In his review at outnow.ch, Giancarlo Schwendener writes that Léa Todorov has succeeded in creating a hussar's play, and with La Nouvelle Femme she has staged a historical film, making affection, the most important component of the Montessori method, the actual leading role.

The film portrays Montessori as driven by feminist convictions. Sortir à Paris wrote: "La Nouvelle Femme explores not only the challenges facing women in a male-dominated society but also the power of friendship and mutual support. The film is an ode to female resilience and the ability to change the course of history, despite personal and professional obstacles."
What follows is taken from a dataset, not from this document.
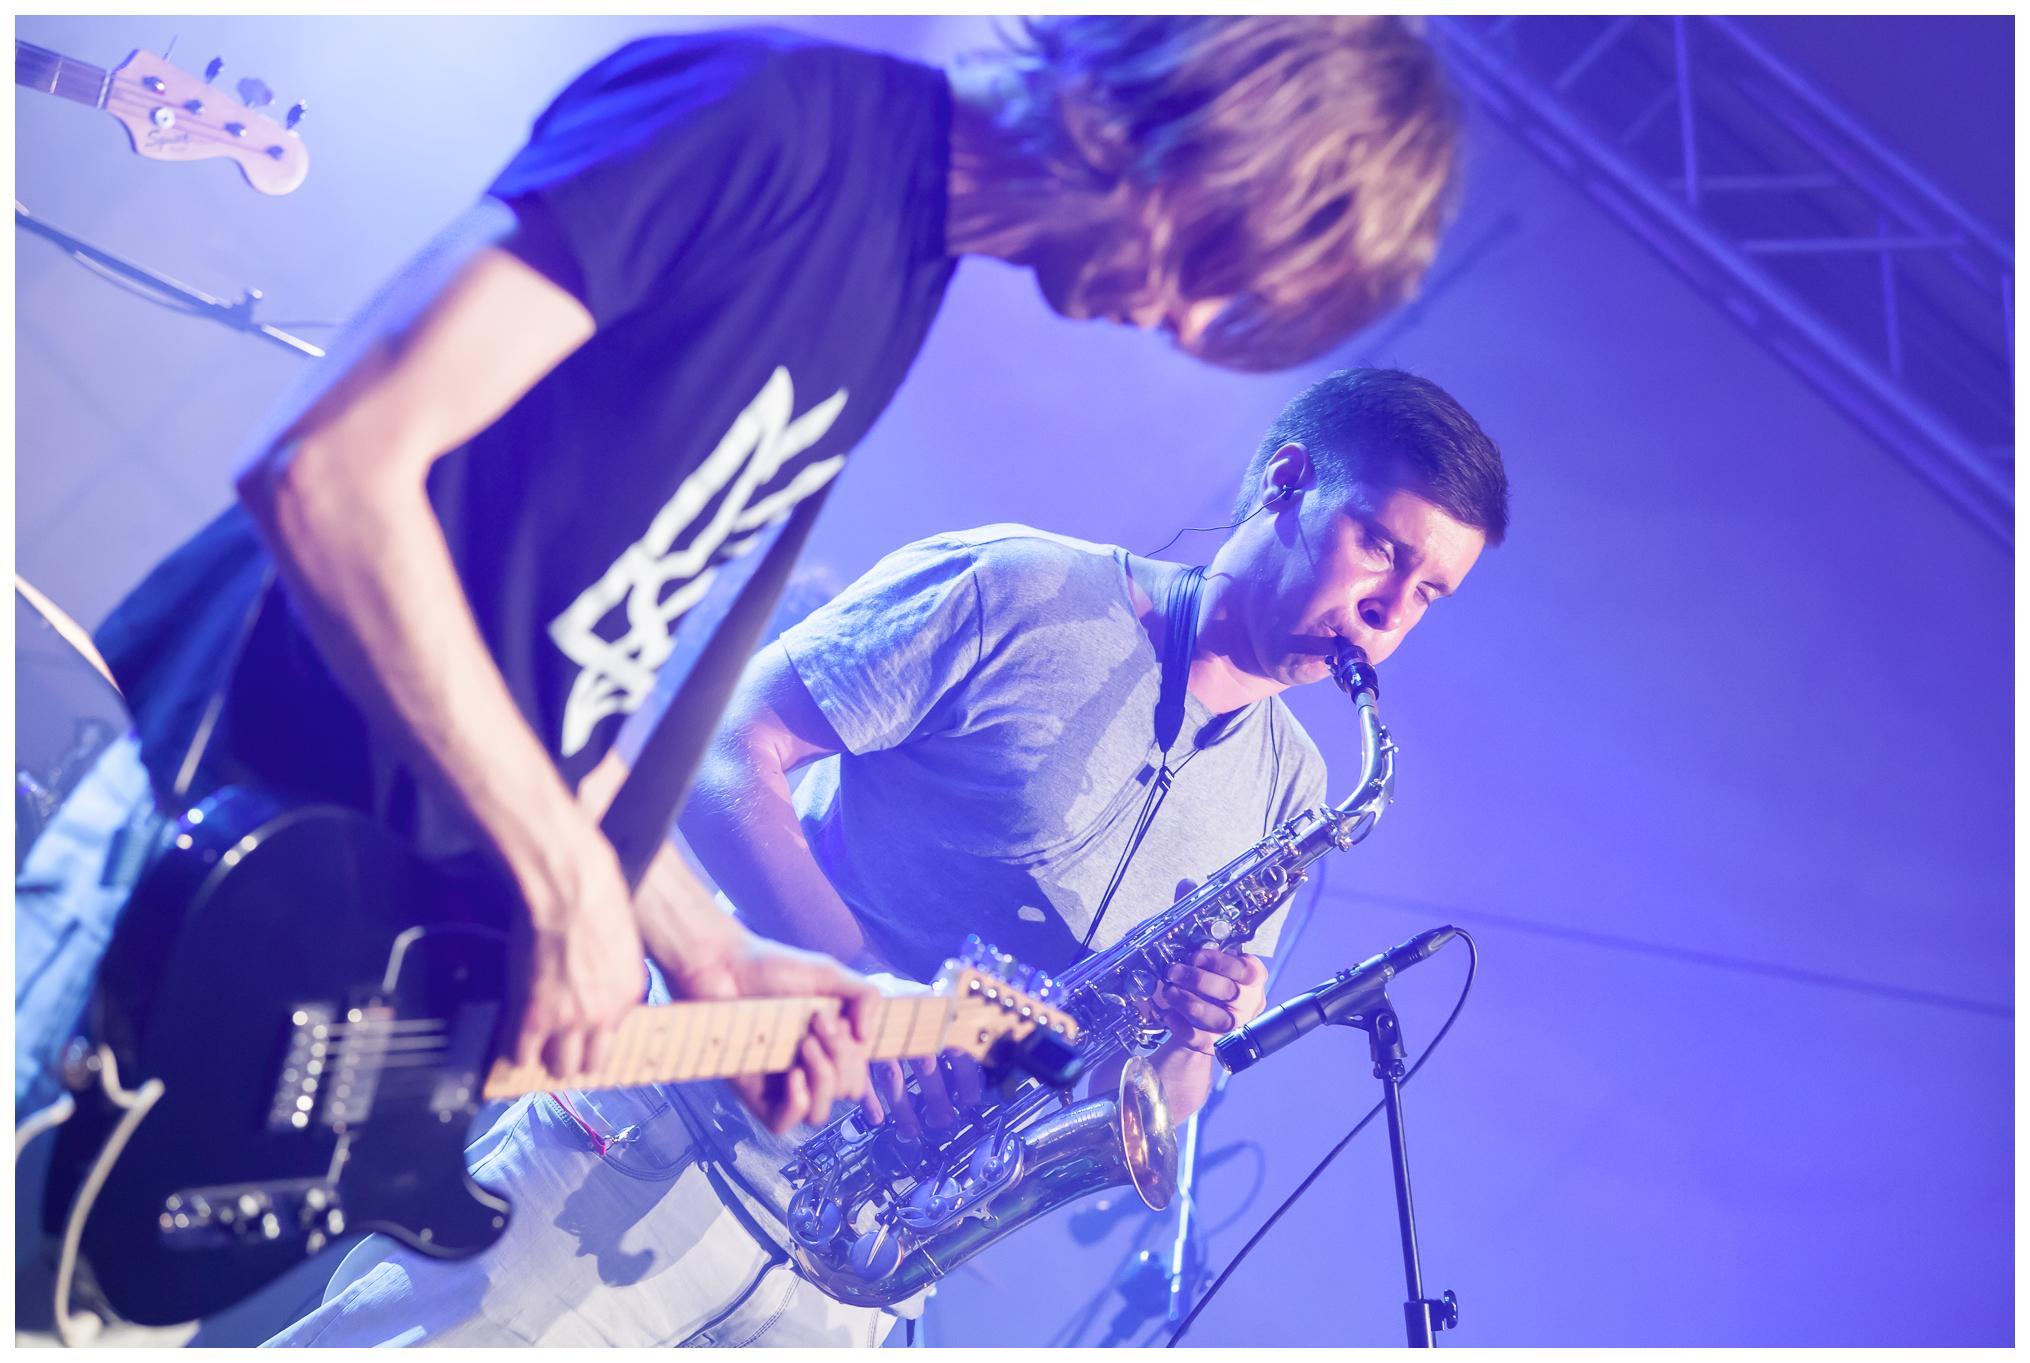 Koncert zespołu Atomic Simao. Na zdjęciu widzimy dwóch muzyków. Jeden gra na gitarze, drugi na saksofonie.
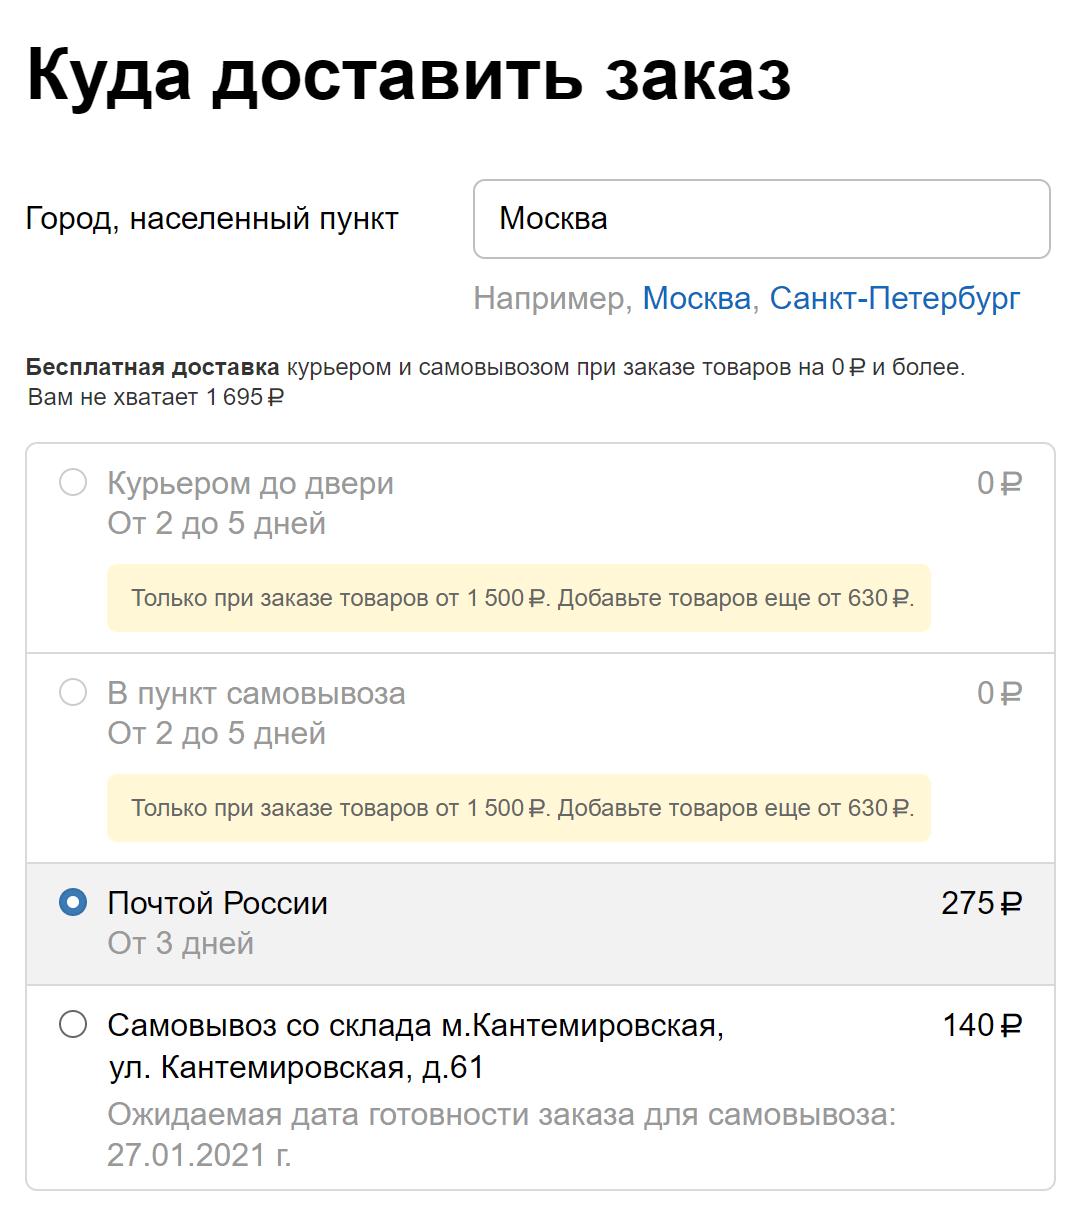 Это расчет доставки книг от издательства «МИФ». В Москву бесплатно доставляют товары на сумму от 1500<span class=ruble>Р</span>, а в Люберцы — от 3000<span class=ruble>Р</span>

In her review for Filmdienst, Kira Taszman writes that the film's feminist approach rarely comes across as didactic or even obtrusive. Based on two very different women, the historical drama tells of female emancipation in a world dominated by men. The film's clever approach is to show two contrasting types of motherhood in a society characterized by rigid moral concepts, in which even supposedly progressive men fall back into conservative role models. Women are generally not taken seriously and have to organize themselves in order to be recognized and supported.

In her review at Filmstarts, Gaby Sikorski notes the clever construction of the two women's stories told in parallel, which is the best thing about this film alongside the acting performances of the leading actresses, which ultimately glorifies the role of the mother and, especially towards the end, goes quite offensively in the direction of emotional confessional cinema.

The Institut für Kino und Filmkultur recommended the film as grade 9 in regard to social studies and social sciences, pedagogy, history, philosophy and ethics.